JPMorgan, Goldman exploited ‘loophole’ in Russia sanctions: Lawmakers

A pair of Democratic lawmakers, Sen. Elizabeth Warren of Massachusetts and Rep. Katie Porter of California, are questioning whether Goldman Sachs and JPMorgan Chase are inappropriately exploiting a “loophole” in Russia sanctions.

In letters sent to the CEOs of both banks, the two lawmakers cited recent reports that the megabanks are buying up massive amounts of Russian sovereign debt, as well as debt from Russian companies tied to the government, to be resold to American-based hedge funds and other investors.

Goldman and JPMorgan have both announced plans to cease pursuing new business in Russia following the country’s invasion of Ukraine. But Warren and Porter argued that the secondary-market trades, which are legal under sanctions designed to cut Russia off from global financial markets, amount to war profiteering.

Sen. Elizabeth Warren of Massachusetts (left) and Rep. Katie Porter of California (right) want more information from JPMorgan Chase and Goldman Sachs about secondary-market trades involving Russian sovereign and corporate debt.
Bloomberg

“JP Morgan and Goldman Sachs, both of which won plaudits for winding down their operations in Russia, have engaged in the sales and trades of Russian debt on the secondary market, ‘pouncing on Russia’s cheap corporate debt’ to profit off of the war,” the lawmakers wrote in the letters, citing recent news reports.
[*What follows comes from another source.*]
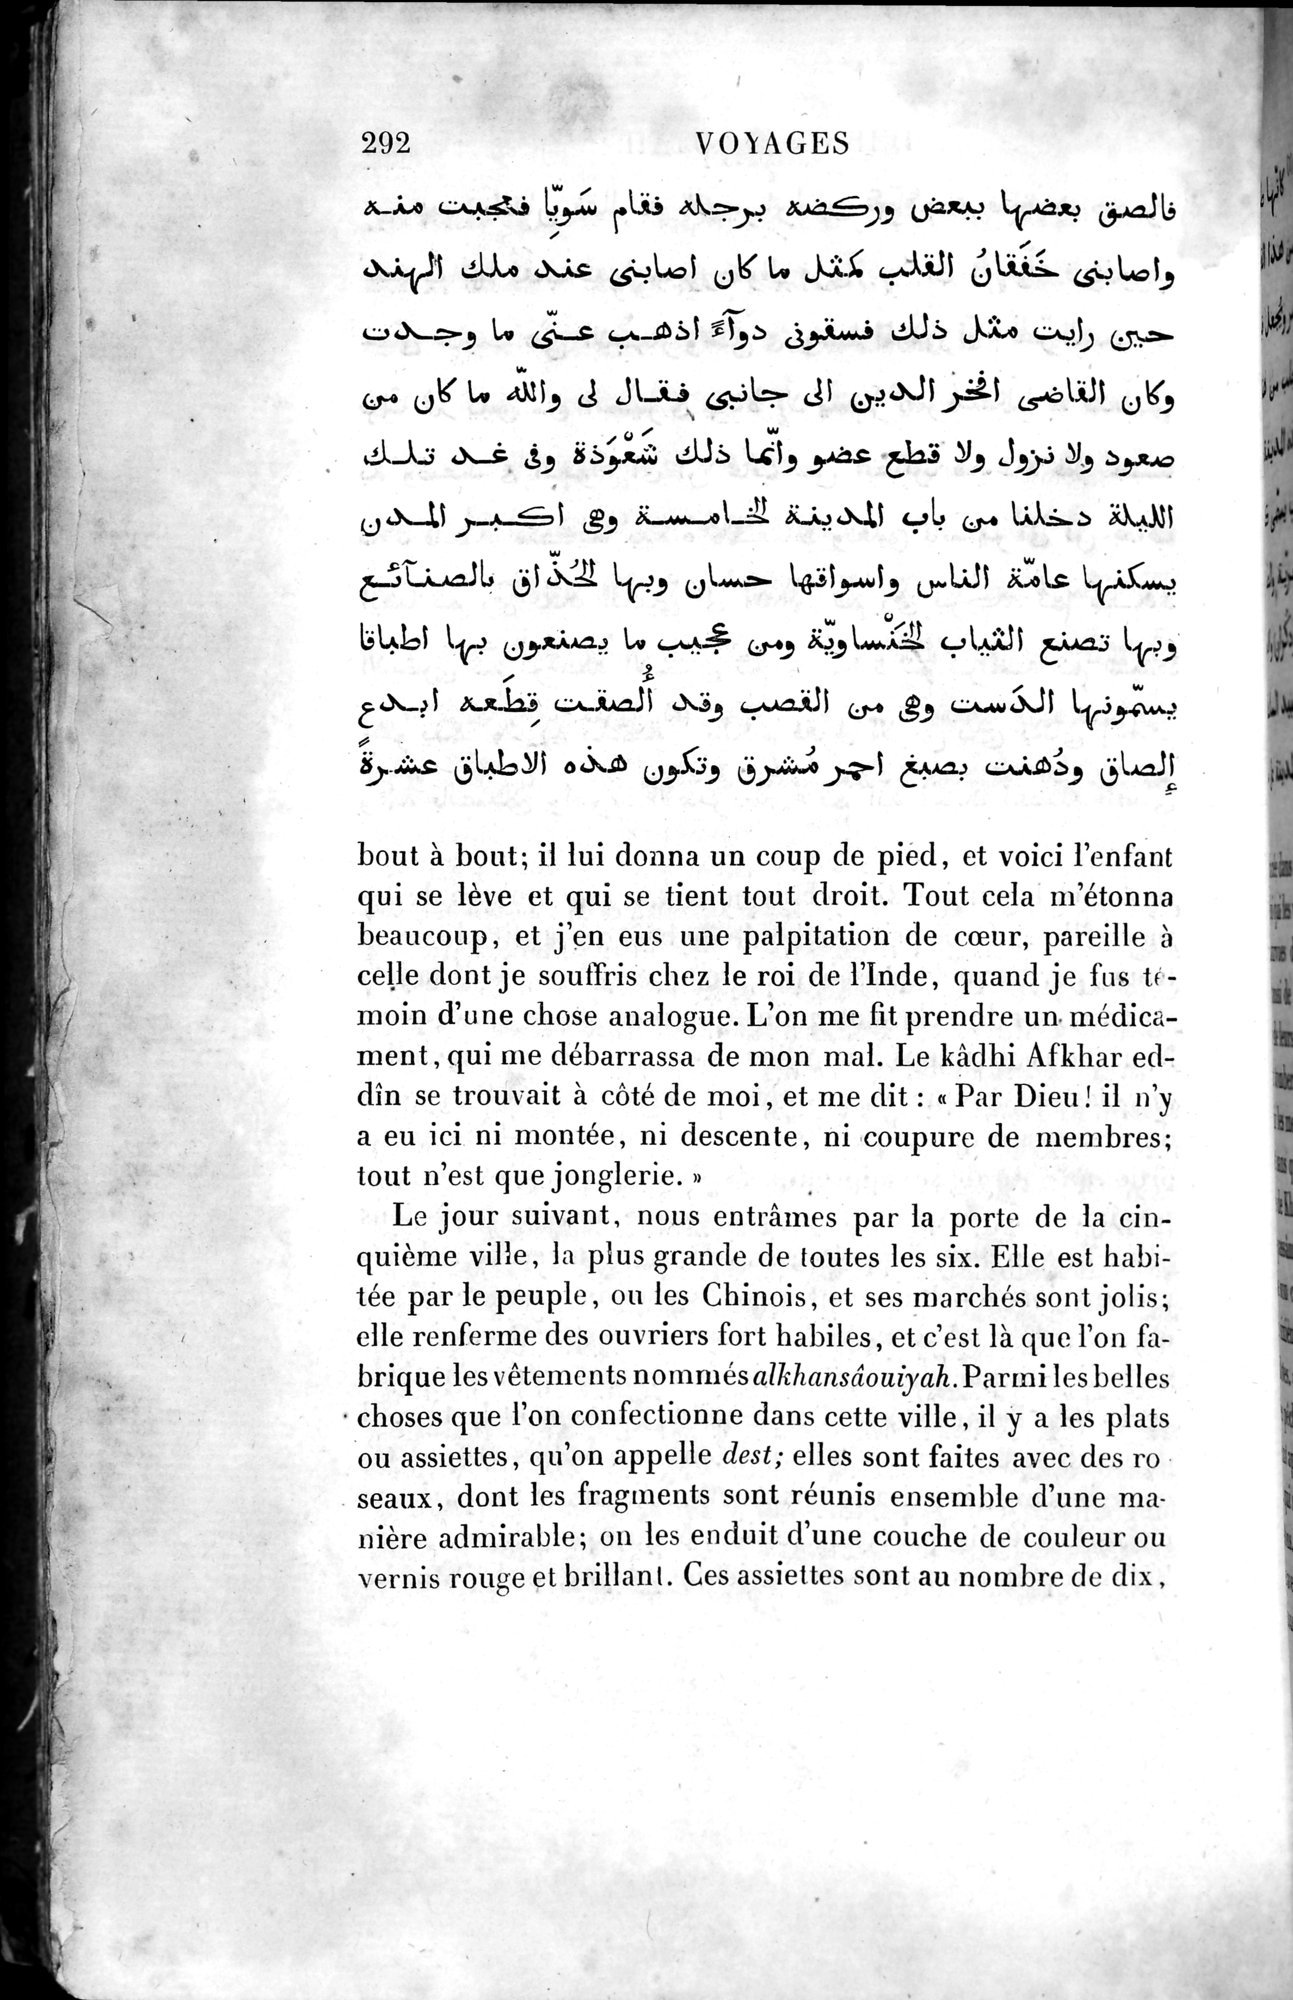 Voyages d'Ibn Batoutah : vol.4 / Page 304 (Grayscale High Resolution Image)

The banks’ dealings “may undermine the work of the U.S. Treasury and the international community” to hold Russian President Vladimir Putin to account, Warren and Porter wrote.

The lawmakers acknowledged that the trading activity is legal because the sanctions framework does not bar secondary market deals with counterparties who are not subject to the restrictions and as long as the Russian sovereign debt was issued before March 1.

A JPMorgan spokesperson declined to comment. The nation’s largest bank by assets has previously stated that as “a market-maker, we have been helping clients reduce their risks and manage their exposures to Russia in the secondary markets. None of the trades violate sanctions or benefit Russia.”

Goldman Sachs did not immediately respond to a request for comment. During the first quarter, Goldman recorded a net loss of roughly $300 million as a direct impact from Russian and Ukrainian financial instruments.

“Our positions were relatively limited, but we've been focused on closing them out and reducing our exposure,” Goldman CEO David Solomon said during the company’s April 14 earnings call.

But Warren and Porter wrote that the volume of Russian corporate debt this year is trading at double the daily average rate from two years ago. And the $7 billion volume in Russian sovereign debt traded between Feb. 24 and April 7 was 35% higher than during the same period last year, according to the Democratic legislators.

The lawmakers asked each bank to detail how many trades they have facilitated since the Russian invasion began on Feb. 24 and to disclose the profits those transactions have yielded.